= What the task requires =
In the records that follow, the lines from the one containing "Whirlpool MTZ080XY user" to the one containing "For my second", inclusive, are to be given again exactly.
○ ○ ○ ○
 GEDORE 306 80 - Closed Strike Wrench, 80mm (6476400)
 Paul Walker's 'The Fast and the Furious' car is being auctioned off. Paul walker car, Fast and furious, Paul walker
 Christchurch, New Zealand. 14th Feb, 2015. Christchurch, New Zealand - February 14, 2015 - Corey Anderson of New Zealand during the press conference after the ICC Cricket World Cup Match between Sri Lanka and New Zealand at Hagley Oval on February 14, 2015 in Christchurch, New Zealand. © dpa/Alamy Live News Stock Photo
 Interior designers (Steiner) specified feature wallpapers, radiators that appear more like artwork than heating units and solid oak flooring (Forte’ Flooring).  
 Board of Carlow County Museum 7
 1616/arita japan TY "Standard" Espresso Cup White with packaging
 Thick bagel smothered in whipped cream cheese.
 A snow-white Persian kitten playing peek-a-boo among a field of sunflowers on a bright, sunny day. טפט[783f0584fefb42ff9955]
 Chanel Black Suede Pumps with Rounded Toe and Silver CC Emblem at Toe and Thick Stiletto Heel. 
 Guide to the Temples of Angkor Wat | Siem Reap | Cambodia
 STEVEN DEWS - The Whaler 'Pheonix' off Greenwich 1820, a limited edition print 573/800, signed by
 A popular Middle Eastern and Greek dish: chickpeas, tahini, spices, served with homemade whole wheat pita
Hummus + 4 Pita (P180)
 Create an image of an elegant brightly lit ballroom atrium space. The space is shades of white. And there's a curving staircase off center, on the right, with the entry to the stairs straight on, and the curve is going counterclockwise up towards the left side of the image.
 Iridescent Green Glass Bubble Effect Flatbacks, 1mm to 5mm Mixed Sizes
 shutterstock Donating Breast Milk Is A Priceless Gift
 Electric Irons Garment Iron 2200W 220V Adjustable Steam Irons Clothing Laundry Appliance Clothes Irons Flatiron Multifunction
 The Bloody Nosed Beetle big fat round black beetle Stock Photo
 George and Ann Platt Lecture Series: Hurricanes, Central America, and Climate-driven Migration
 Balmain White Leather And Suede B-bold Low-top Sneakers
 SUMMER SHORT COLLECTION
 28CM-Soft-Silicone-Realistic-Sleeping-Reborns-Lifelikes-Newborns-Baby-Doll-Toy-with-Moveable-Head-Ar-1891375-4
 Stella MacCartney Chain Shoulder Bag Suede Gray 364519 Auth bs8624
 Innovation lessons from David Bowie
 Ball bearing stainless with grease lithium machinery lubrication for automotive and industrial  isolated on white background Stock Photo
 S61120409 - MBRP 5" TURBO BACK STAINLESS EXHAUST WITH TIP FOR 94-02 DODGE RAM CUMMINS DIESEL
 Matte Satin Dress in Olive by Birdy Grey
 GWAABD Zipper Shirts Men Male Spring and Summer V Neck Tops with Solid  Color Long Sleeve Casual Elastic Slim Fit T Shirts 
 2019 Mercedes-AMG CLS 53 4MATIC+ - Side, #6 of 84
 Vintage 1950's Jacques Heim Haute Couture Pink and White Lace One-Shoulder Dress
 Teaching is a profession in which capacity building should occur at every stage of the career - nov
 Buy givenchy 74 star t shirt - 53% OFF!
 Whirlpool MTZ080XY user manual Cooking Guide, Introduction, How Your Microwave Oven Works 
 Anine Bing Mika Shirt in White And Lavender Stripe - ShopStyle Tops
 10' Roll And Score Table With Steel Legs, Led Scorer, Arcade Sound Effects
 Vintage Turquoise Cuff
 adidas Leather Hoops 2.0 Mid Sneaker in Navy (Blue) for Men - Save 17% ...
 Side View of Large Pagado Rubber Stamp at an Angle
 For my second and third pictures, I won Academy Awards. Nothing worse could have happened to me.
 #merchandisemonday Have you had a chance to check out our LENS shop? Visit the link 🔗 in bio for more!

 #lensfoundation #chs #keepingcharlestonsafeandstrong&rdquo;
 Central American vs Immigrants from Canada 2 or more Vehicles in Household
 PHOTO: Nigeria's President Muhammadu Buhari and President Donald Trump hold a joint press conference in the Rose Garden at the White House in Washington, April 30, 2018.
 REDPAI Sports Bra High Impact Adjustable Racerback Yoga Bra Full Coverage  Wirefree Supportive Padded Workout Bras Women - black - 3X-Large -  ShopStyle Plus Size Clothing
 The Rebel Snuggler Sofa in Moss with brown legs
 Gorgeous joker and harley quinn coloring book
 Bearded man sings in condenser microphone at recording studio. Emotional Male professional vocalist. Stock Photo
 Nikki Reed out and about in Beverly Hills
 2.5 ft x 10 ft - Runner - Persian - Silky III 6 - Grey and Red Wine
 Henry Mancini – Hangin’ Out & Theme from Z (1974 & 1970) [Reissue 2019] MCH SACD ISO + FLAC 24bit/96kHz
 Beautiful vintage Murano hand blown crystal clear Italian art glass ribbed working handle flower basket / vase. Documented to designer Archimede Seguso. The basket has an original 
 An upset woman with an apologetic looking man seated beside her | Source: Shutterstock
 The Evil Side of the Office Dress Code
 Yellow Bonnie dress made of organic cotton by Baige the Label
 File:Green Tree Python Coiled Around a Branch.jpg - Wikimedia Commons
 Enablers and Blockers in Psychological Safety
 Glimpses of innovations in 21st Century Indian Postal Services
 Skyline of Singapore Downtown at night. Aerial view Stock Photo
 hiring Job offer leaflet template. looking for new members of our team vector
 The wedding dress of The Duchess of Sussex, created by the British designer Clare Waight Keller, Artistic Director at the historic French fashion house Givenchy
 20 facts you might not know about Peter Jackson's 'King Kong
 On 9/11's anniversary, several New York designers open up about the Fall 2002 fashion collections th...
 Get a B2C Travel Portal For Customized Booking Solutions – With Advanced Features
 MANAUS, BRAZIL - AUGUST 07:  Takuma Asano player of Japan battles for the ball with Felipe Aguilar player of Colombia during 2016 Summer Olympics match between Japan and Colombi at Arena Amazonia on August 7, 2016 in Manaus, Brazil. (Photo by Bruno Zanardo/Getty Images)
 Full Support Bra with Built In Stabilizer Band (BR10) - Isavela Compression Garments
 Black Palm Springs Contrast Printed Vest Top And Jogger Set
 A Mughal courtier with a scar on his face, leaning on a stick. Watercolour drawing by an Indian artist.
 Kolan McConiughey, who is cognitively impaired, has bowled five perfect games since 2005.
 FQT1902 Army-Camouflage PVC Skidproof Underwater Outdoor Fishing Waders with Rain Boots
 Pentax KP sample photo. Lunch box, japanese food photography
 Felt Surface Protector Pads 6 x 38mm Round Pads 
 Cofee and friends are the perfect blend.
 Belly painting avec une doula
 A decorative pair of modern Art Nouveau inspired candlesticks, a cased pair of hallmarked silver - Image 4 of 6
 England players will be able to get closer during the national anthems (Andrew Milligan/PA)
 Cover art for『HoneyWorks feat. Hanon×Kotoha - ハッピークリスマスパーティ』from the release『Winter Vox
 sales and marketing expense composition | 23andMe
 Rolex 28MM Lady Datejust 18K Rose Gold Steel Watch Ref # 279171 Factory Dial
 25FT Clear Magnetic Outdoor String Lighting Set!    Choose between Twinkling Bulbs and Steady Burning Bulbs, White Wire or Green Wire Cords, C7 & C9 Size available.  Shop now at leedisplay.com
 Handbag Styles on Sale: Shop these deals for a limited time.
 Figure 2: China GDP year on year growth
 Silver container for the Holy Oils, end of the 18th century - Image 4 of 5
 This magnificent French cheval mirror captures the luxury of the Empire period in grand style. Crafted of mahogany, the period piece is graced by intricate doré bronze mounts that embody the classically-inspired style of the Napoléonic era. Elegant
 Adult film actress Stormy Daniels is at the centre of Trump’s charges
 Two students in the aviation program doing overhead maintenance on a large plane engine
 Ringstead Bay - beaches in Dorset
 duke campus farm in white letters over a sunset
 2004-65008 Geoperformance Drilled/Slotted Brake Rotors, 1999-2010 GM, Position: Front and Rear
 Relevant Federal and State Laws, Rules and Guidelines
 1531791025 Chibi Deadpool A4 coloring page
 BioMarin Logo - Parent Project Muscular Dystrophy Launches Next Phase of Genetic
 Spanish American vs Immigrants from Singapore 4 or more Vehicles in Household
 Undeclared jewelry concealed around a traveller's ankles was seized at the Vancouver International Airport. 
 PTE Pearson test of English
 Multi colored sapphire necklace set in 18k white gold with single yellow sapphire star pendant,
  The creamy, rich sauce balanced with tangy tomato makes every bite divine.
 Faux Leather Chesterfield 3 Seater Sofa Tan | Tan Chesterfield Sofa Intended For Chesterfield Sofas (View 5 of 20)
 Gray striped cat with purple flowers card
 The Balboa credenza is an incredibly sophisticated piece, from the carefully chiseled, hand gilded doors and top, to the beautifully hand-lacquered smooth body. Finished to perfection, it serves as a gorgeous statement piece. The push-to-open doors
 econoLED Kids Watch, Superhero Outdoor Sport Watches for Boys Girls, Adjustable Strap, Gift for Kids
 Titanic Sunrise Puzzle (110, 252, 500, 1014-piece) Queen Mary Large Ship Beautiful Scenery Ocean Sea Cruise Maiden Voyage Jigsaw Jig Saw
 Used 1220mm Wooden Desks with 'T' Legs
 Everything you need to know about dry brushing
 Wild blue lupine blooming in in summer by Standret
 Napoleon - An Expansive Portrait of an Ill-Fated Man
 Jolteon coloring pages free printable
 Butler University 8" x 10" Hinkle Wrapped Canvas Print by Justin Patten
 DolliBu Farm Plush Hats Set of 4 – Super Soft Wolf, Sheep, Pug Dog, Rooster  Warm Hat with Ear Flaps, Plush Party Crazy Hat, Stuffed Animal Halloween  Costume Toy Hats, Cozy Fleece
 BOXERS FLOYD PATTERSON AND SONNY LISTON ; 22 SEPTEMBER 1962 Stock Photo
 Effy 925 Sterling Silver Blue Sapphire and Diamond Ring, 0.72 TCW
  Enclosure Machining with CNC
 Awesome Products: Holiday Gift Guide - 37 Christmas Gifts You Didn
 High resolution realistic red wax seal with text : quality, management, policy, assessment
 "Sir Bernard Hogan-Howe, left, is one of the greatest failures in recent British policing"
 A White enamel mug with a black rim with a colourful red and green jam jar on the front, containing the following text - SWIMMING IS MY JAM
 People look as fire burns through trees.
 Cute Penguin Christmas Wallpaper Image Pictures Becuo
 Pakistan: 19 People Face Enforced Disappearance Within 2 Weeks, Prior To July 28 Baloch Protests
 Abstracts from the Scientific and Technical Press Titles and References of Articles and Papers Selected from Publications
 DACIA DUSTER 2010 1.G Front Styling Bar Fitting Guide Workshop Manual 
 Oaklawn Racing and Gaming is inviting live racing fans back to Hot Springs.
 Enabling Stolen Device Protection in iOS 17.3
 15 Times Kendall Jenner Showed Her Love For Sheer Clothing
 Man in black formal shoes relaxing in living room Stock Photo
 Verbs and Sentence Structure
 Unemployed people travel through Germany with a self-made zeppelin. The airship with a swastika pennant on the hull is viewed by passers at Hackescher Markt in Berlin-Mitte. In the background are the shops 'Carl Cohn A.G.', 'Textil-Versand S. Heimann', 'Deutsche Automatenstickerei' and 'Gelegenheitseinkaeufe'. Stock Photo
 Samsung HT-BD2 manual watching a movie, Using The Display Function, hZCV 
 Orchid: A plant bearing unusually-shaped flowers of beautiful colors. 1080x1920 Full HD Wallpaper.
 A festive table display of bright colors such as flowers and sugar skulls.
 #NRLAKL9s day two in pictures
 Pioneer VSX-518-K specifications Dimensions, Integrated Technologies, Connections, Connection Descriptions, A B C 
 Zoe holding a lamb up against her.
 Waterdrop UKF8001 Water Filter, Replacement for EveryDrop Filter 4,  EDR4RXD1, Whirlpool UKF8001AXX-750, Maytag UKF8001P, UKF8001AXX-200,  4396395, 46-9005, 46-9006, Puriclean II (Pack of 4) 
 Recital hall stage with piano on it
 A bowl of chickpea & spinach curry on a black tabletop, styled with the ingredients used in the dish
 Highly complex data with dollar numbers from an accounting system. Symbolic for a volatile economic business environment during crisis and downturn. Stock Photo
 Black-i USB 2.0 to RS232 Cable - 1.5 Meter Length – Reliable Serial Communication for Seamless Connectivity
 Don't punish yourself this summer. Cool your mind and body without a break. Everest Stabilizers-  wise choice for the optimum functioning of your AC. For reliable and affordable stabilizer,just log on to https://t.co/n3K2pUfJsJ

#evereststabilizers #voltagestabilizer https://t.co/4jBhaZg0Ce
○ ○ ○ ○
= The completed task =
 Whirlpool MTZ080XY user manual Cooking Guide, Introduction, How Your Microwave Oven Works 
 Anine Bing Mika Shirt in White And Lavender Stripe - ShopStyle Tops
 10' Roll And Score Table With Steel Legs, Led Scorer, Arcade Sound Effects
 Vintage Turquoise Cuff
 adidas Leather Hoops 2.0 Mid Sneaker in Navy (Blue) for Men - Save 17% ...
 Side View of Large Pagado Rubber Stamp at an Angle
 For my second and third pictures, I won Academy Awards. Nothing worse could have happened to me.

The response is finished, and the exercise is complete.